[INFORMATION SHOWN]:
● ● ●

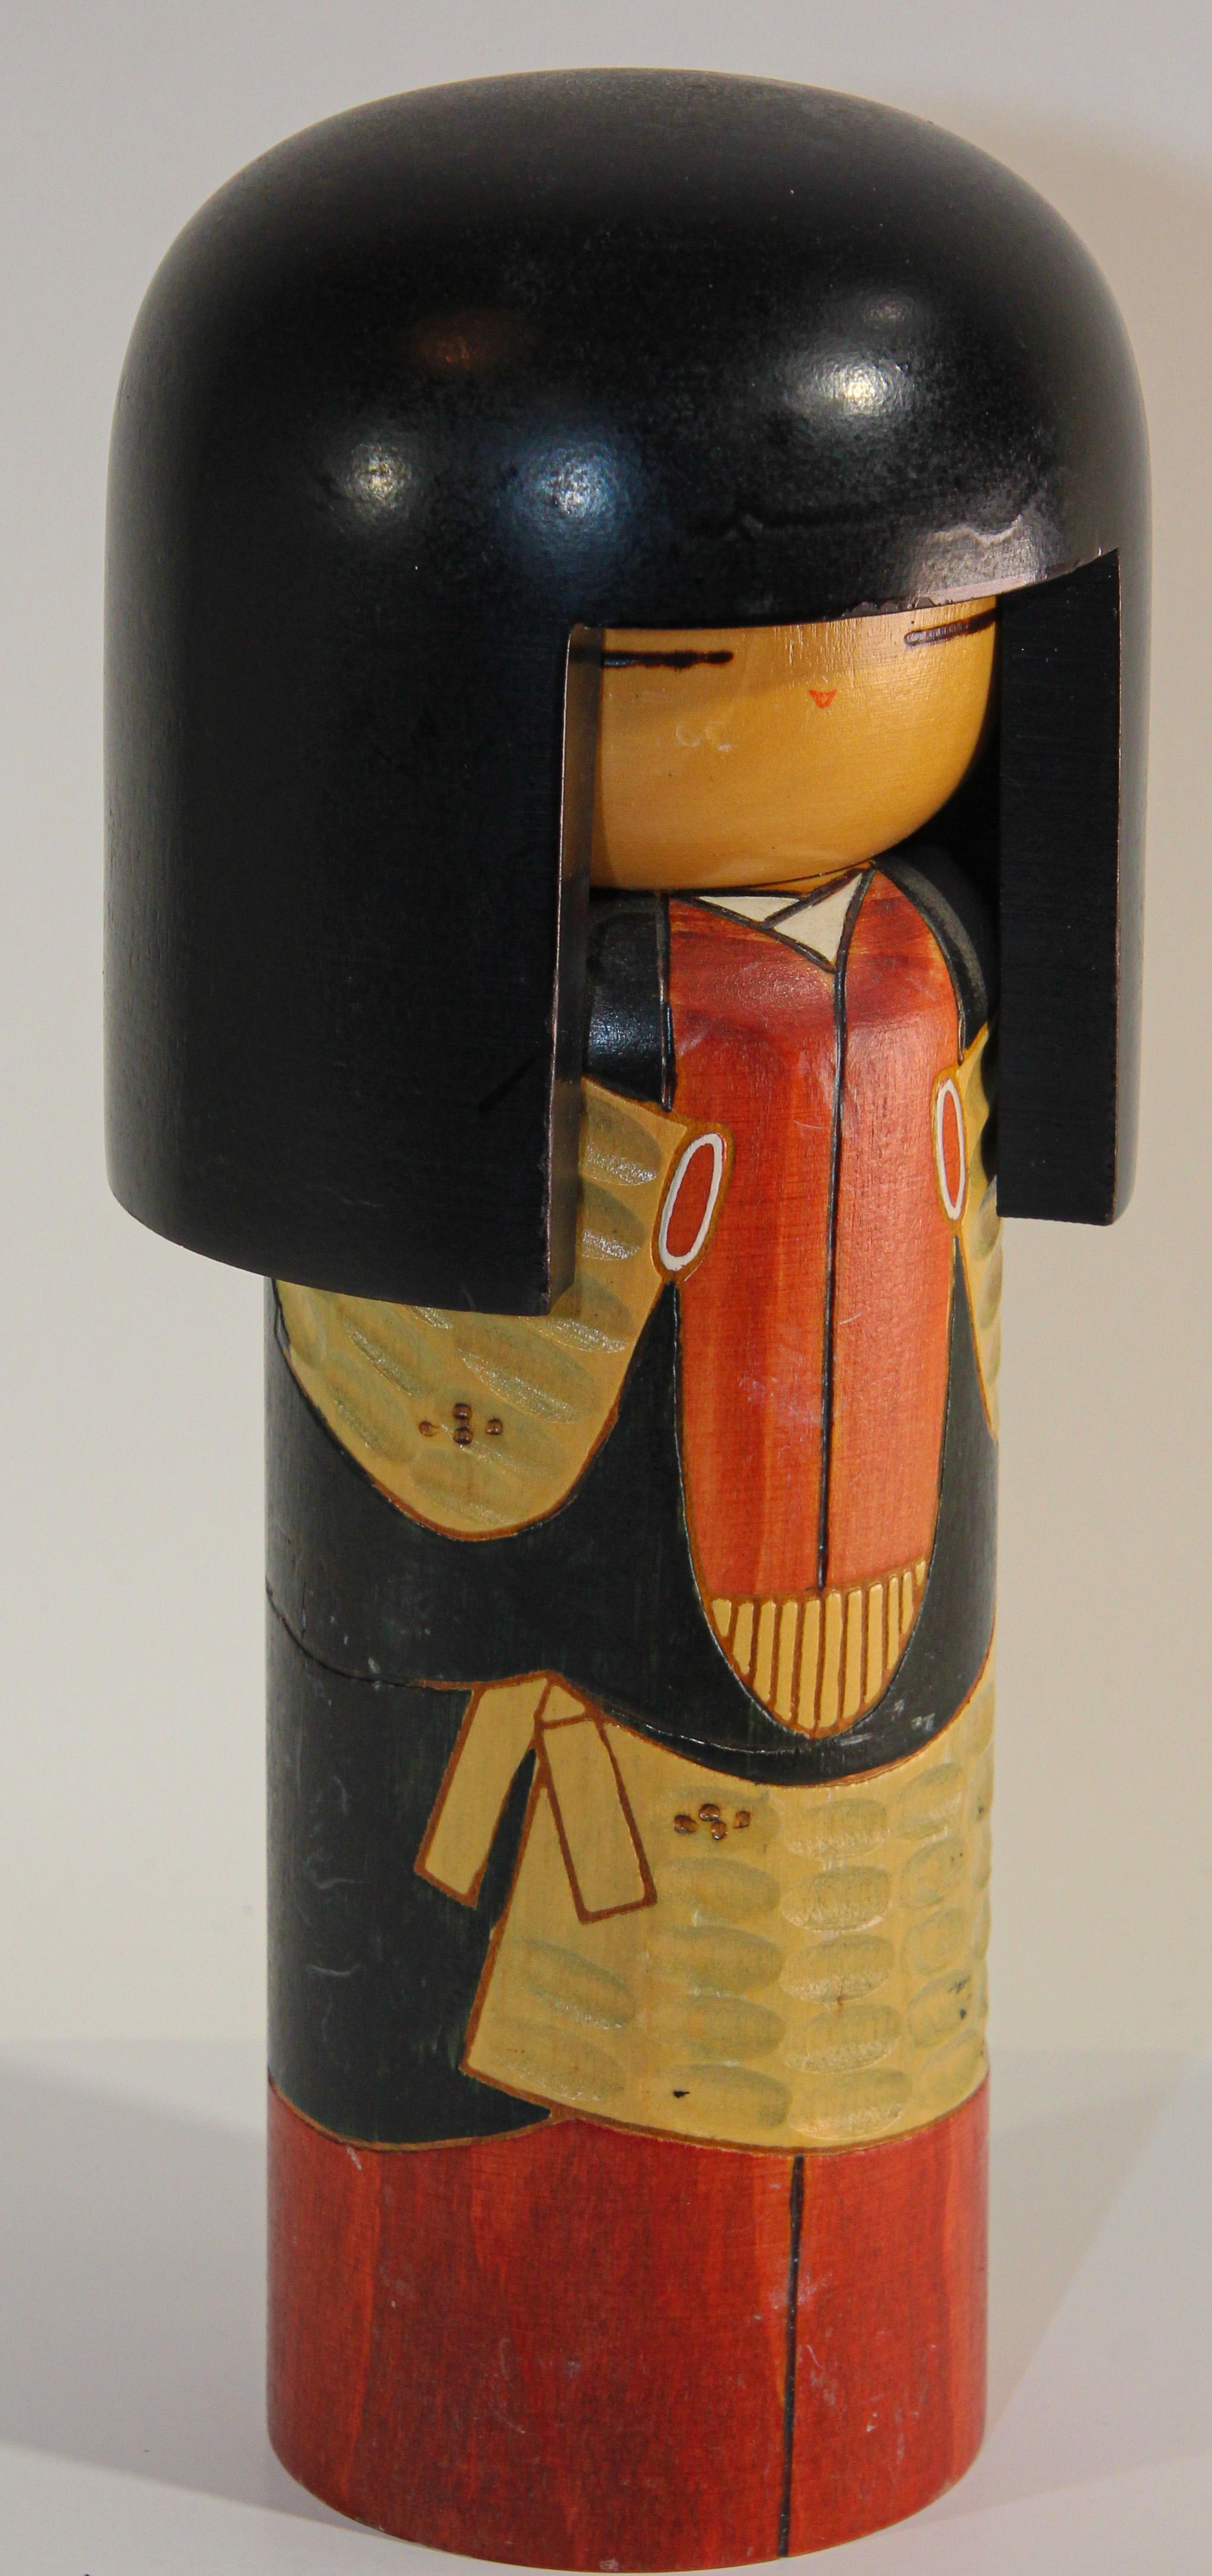 Kokeshi oder Kokashi-Puppe, handgefertigt von japanischen Kunsthandwerkern aus Holz. 
Die Puppen haben einen einfachen Koffer als Körper und einen vergrößerten Kopf. 
Ein Merkmal der Kokeshi-Puppen ist ihr Mangel an Armen und Beinen.
Nachfolgend

● ● ●

Could you restate the material word for word, omitting the pictures?

 Kokeshi oder Kokashi-Puppe, handgefertigt von japanischen Kunsthandwerkern aus Holz. 
Die Puppen haben einen einfachen Koffer als Körper und einen vergrößerten Kopf. 
Ein Merkmal der Kokeshi-Puppen ist ihr Mangel an Armen und Beinen.
Nachfolgend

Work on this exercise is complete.